Repeat exactly, and only, the lines from the line bearing "Sitting Dog I" through the end of the material. Do not copy the pictures.

(Beginning of Data)

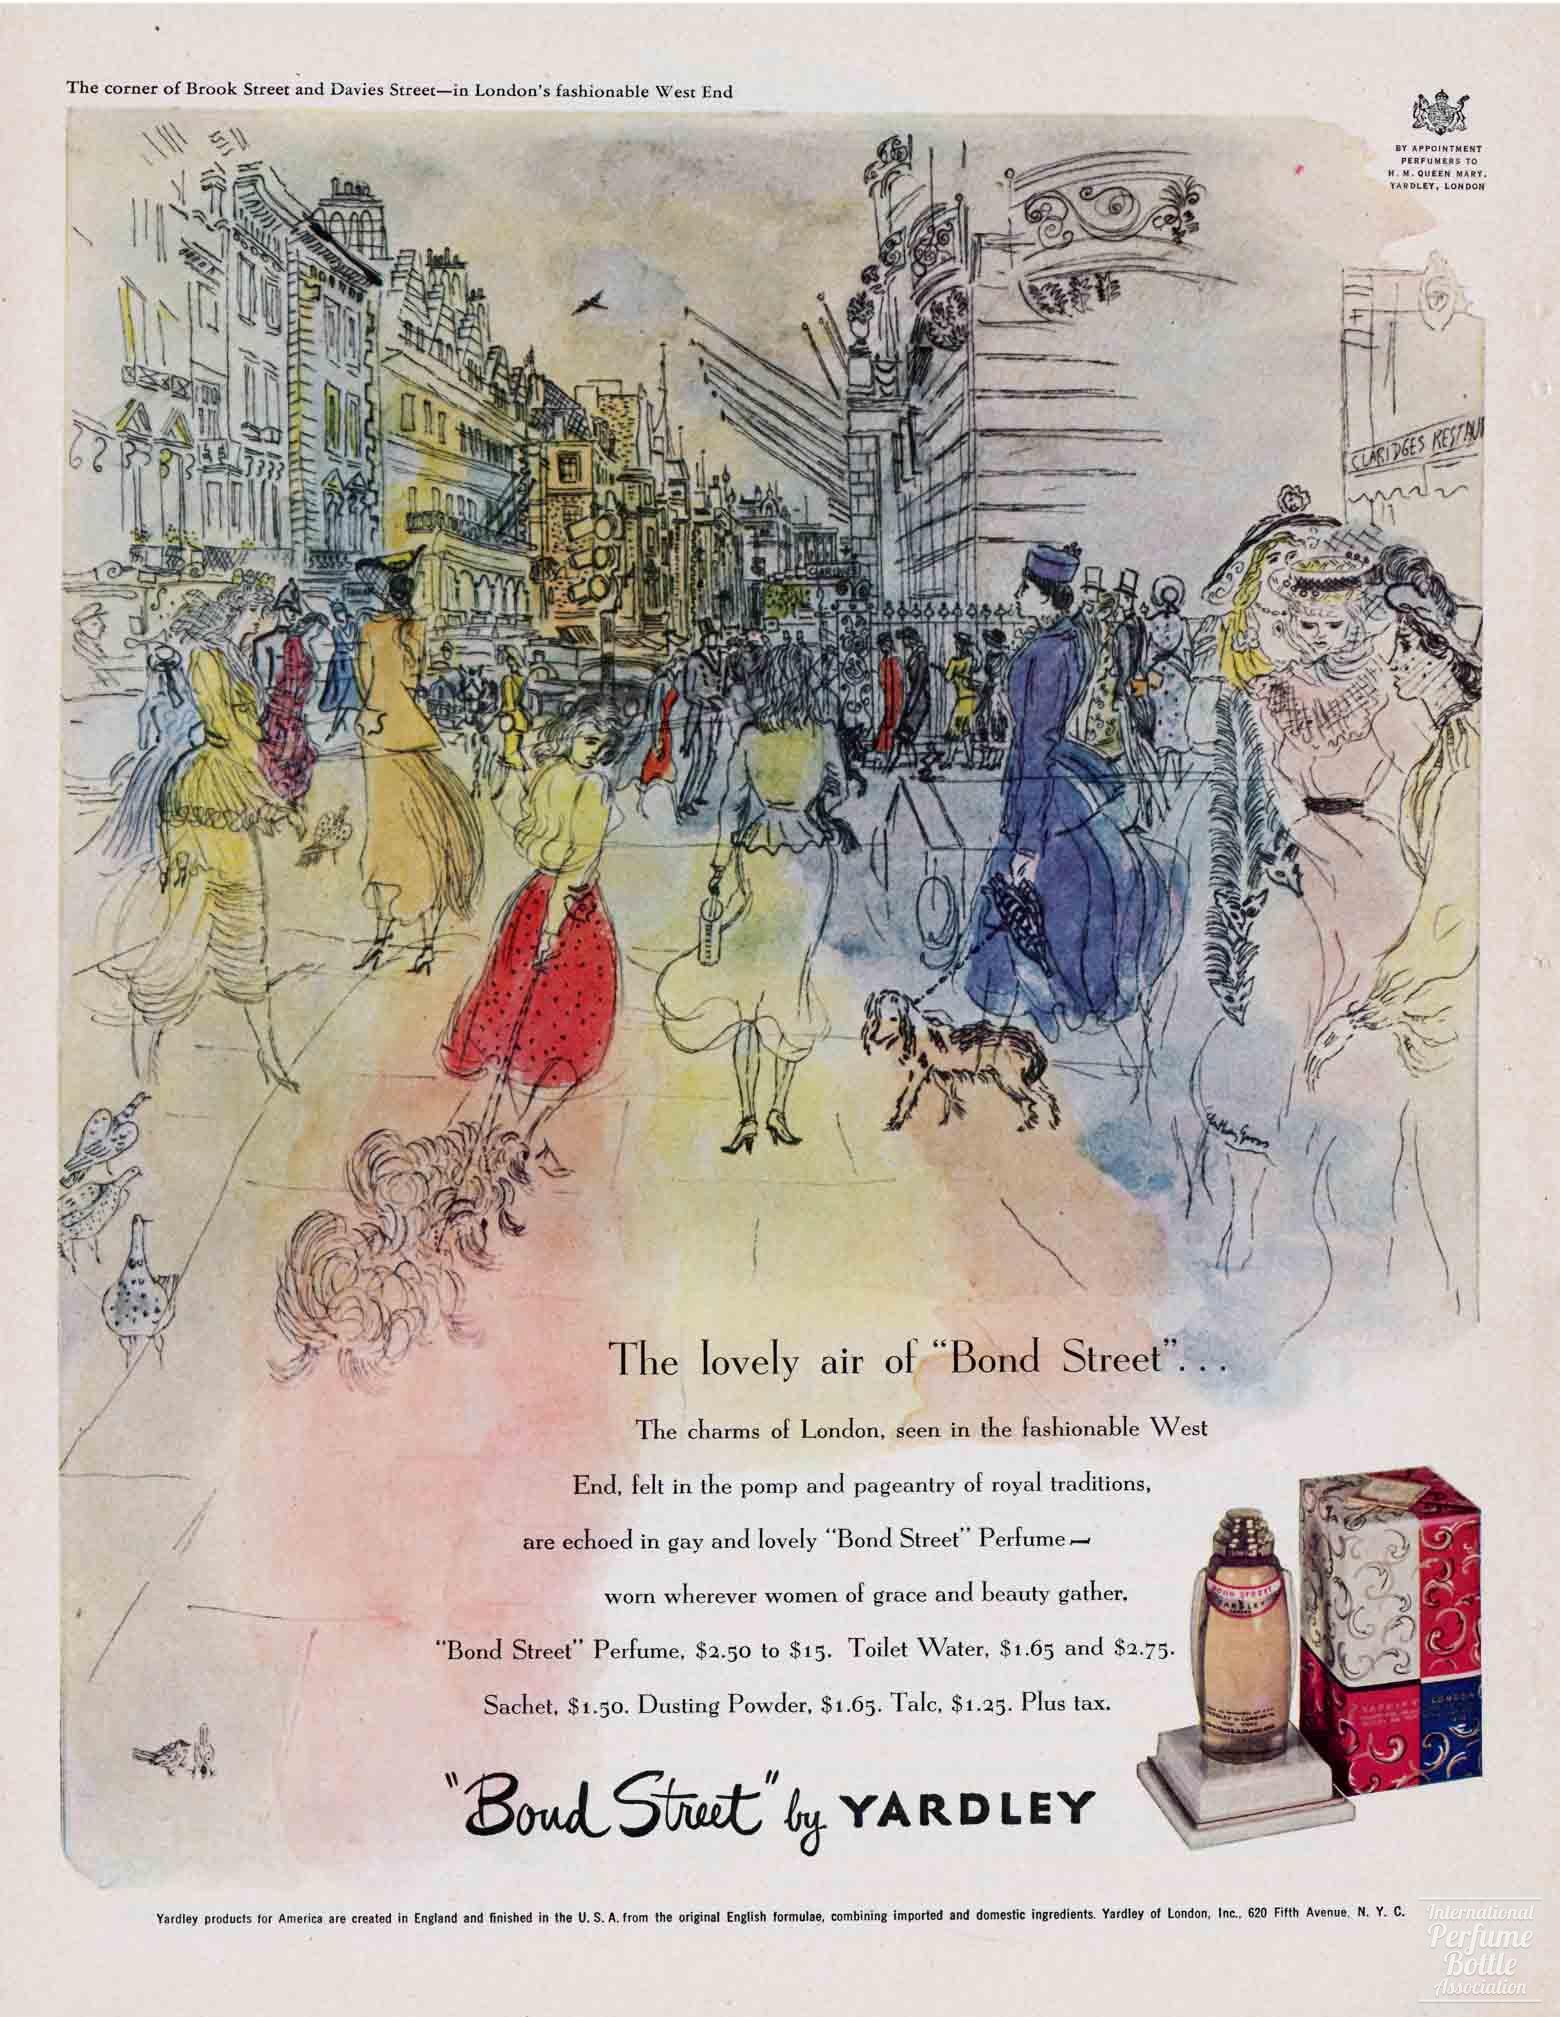 "Bond Street" by Yardley Dog Walker Advertisement - 1949
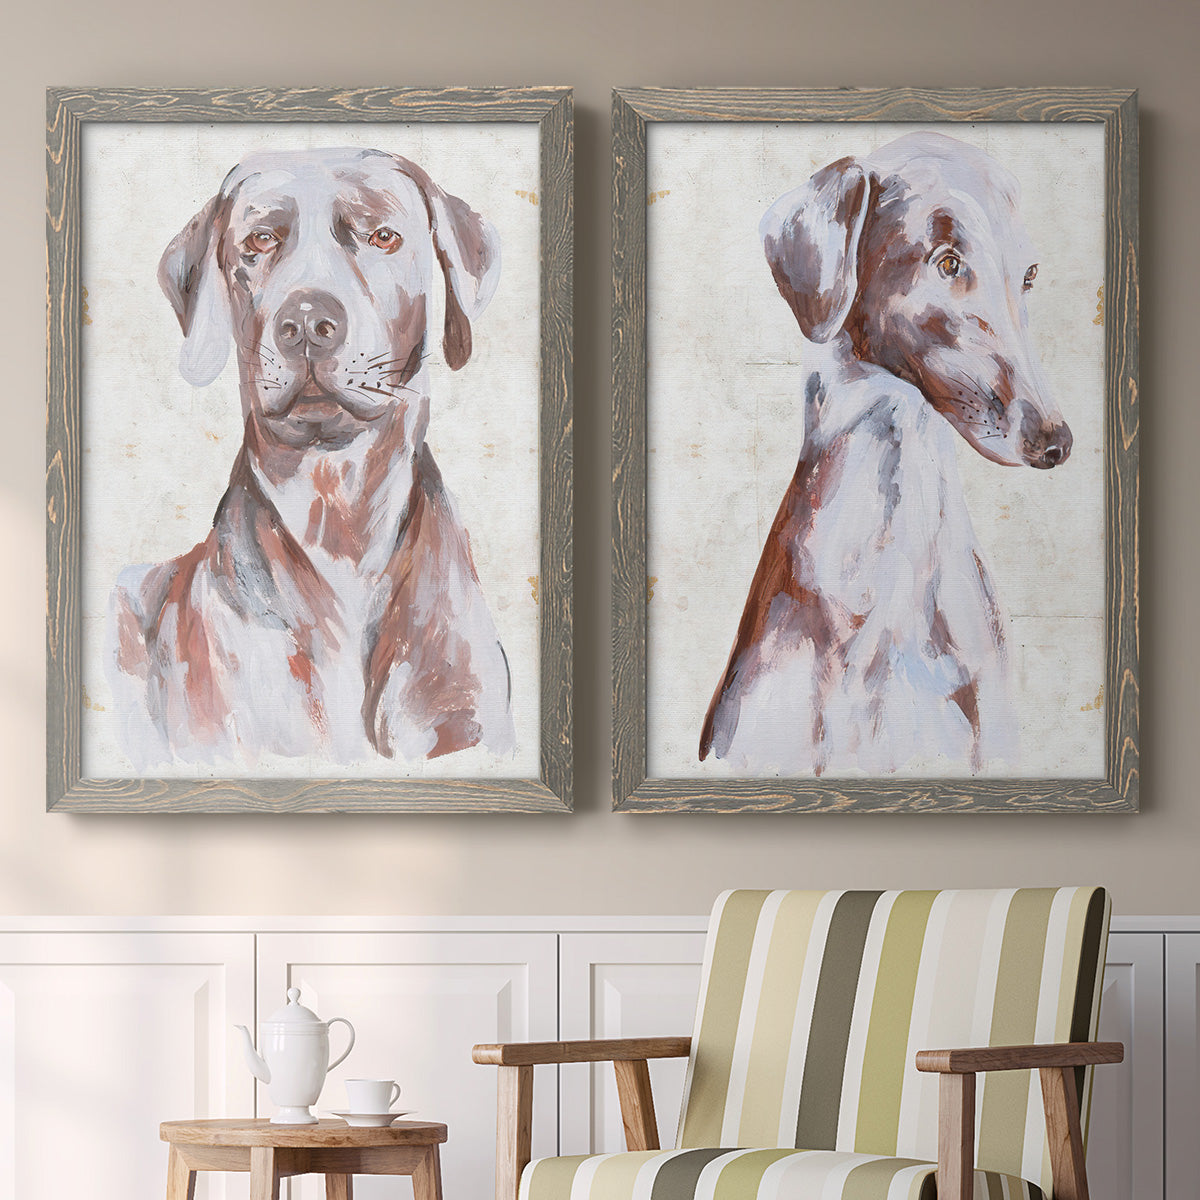 Sitting Dog I - Premium Framed Canvas 2 Piece Set - Ready to Hang
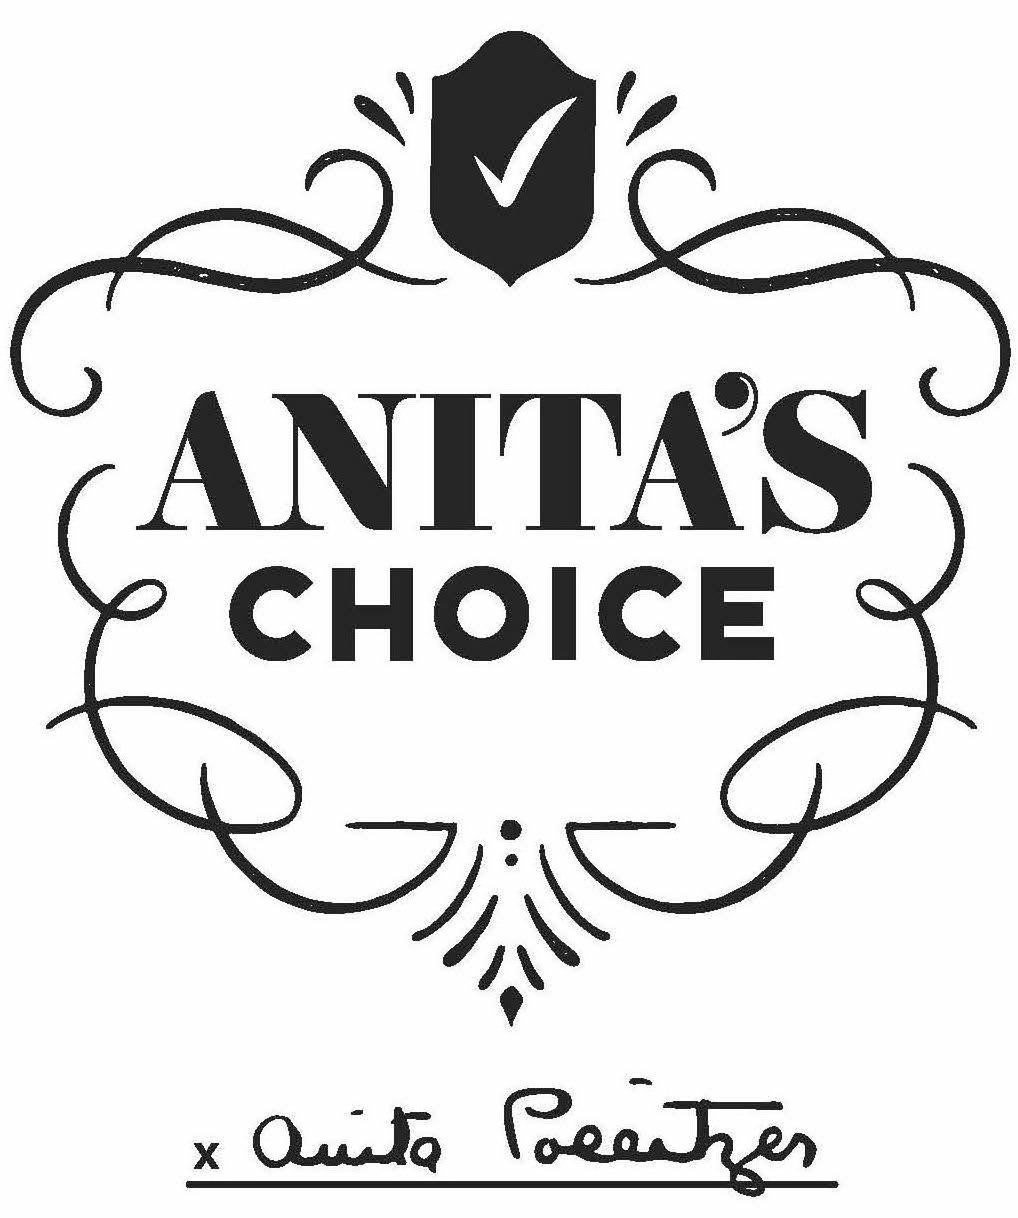  ANITA'S CHOICE X ANITA POLLITZER
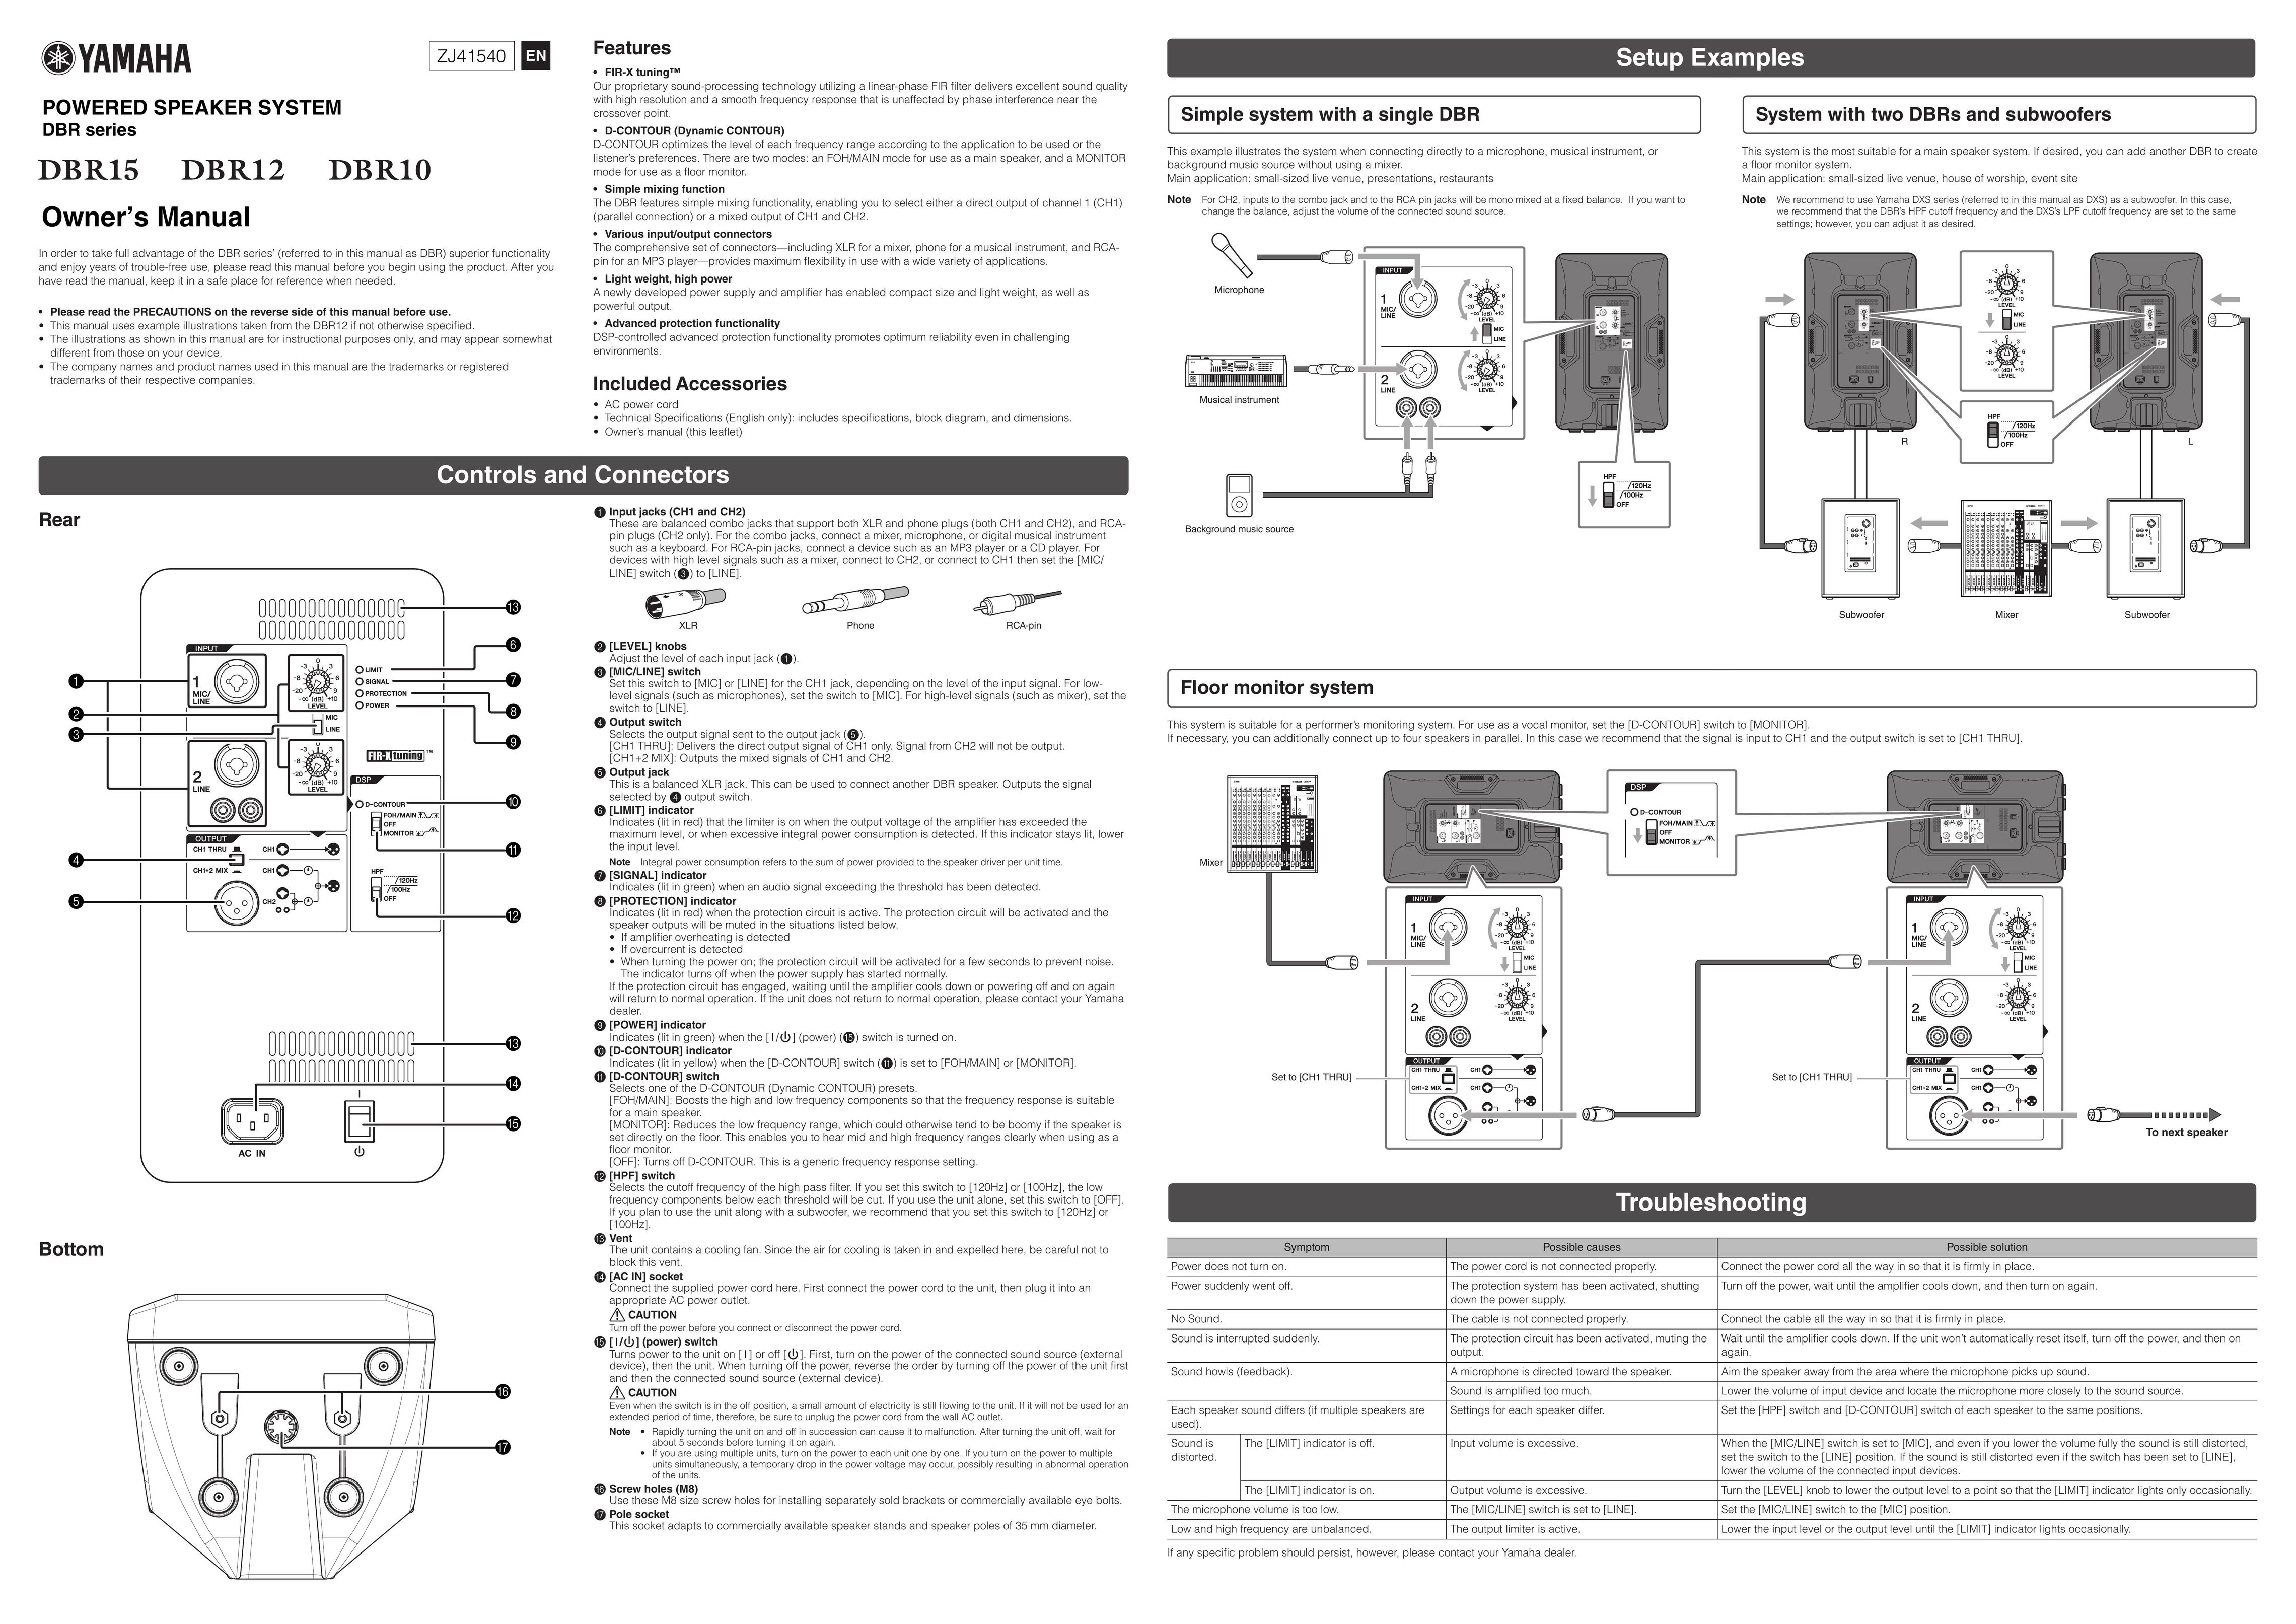 Yamaha DBR10 Speaker System User Manual

(End of Data)

**Problem solution**
 Sitting Dog I - Premium Framed Canvas 2 Piece Set - Ready to Hang
  ANITA'S CHOICE X ANITA POLLITZER
 Yamaha DBR10 Speaker System User Manual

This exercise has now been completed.